Click-evoked otoacoustic emissions (CEOAEs) are widely used in universal neonatal hearing screening programs. A common finding in many such programs is a relatively high false-positive rate. This is often due to infant physiological noise adversely affecting the emission recording, leading to a "refer" screening outcome. In an attempt to reduce false-positive screening outcomes related to the effects of noise on otoacoustic emission response detection, tone-burst-evoked otoacoustic emissions (TBOAEs) were included in a neonatal hearing screening program because TBOAEs may elicit a greater signal-to-noise ratio than CEOAEs. The research project compared the pass/refer rate for a CEOAE-based test using established pass/refer criteria with the pass/refer rate for screening criteria that were based on TBOAE results alone or on combined CEOAE and TEOAE results.

DESIGN:

Neonates were recruited at the Hong Kong Adventist Hospital, and both CEOAEs and TBOAEs were performed.
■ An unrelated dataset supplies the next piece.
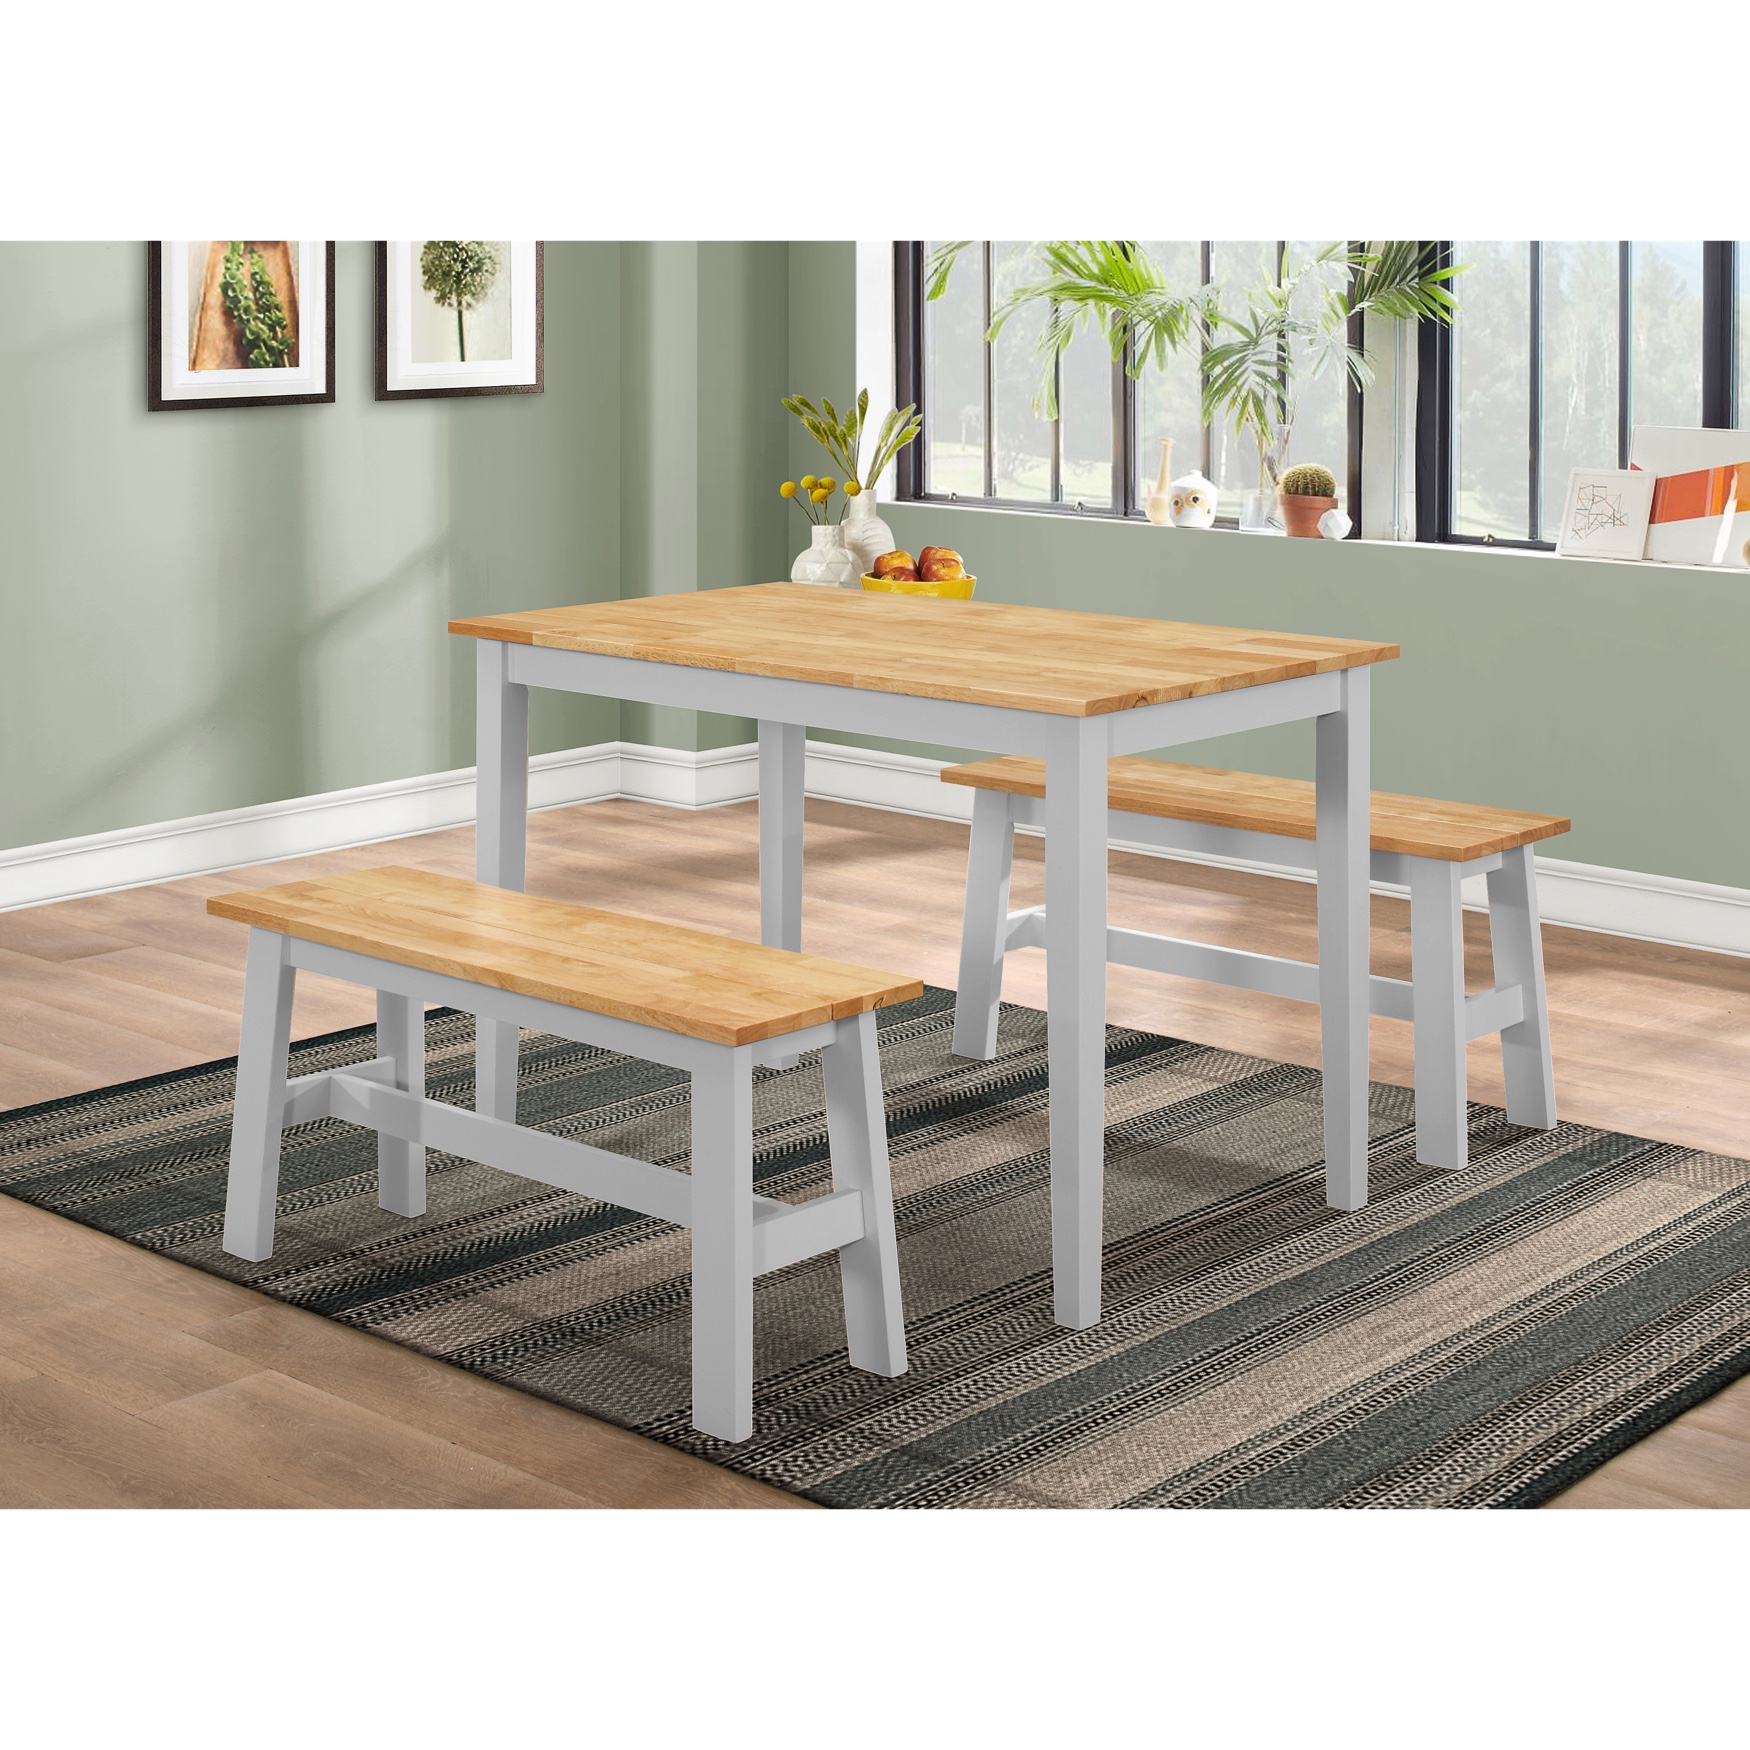 New York Wood Table with 2 Benches, White, NATURAL GRAY

Six passing criteria were used in this study, based on CEOAEs only; CEOAEs plus 1 kHz TBOAEs; CEOAEs plus 2 kHz TBOAEs; CEOAEs plus 3 kHz TBOAEs; CEOAEs plus 1, 2, and 3 kHz TBOAEs; and TBOAEs only.

RESULTS:

Data from 298 neonates (546 ears) were obtained. Criteria set 1, using CEOAEs only, demonstrated a pass rate of 79.1%, and 114 ears were referred. Criteria set 2, using CEOAEs together with TBOAEs recorded at 1 kHz, passed 39 more ears than Protocol 1, and the pass rate was 86.3%. Hence, the overall referral rate for total number of screened ears decreased by 7.2 percentage points. Criteria set 3, using CEOAEs together with TBOAEs recorded at 2 kHz, and Criteria set 4, using CEOAEs in conjunction with TBOAEs recorded at 3 kHz, gave pass rates similar to Criteria set 1. Criteria set 5, using TBOAE information at frequencies where CEOAEs were not rated as "pass," raised the pass rate from 79.1 to 87.6%, reducing the overall referral rate by 8.5 percentage points. Criteria set 6, in which neonates were screened with TBOAEs recorded at 1, 2, and 3 kHz, gave a pass rate of 78.4%, similar to results for the CEOAE-only procedure.

CONCLUSIONS:

Both Criteria sets 2 and 5, which combined CEOAE and TBOAE recordings, gave significantly higher pass rates than Criteria sets 1, 3, 4, and 6. The results suggest that the introduction of combined CEOAE and TBOAE protocols may assist in the reduction of refer outcomes, and hence the false-positive rates, of neonatal hearing screening programs.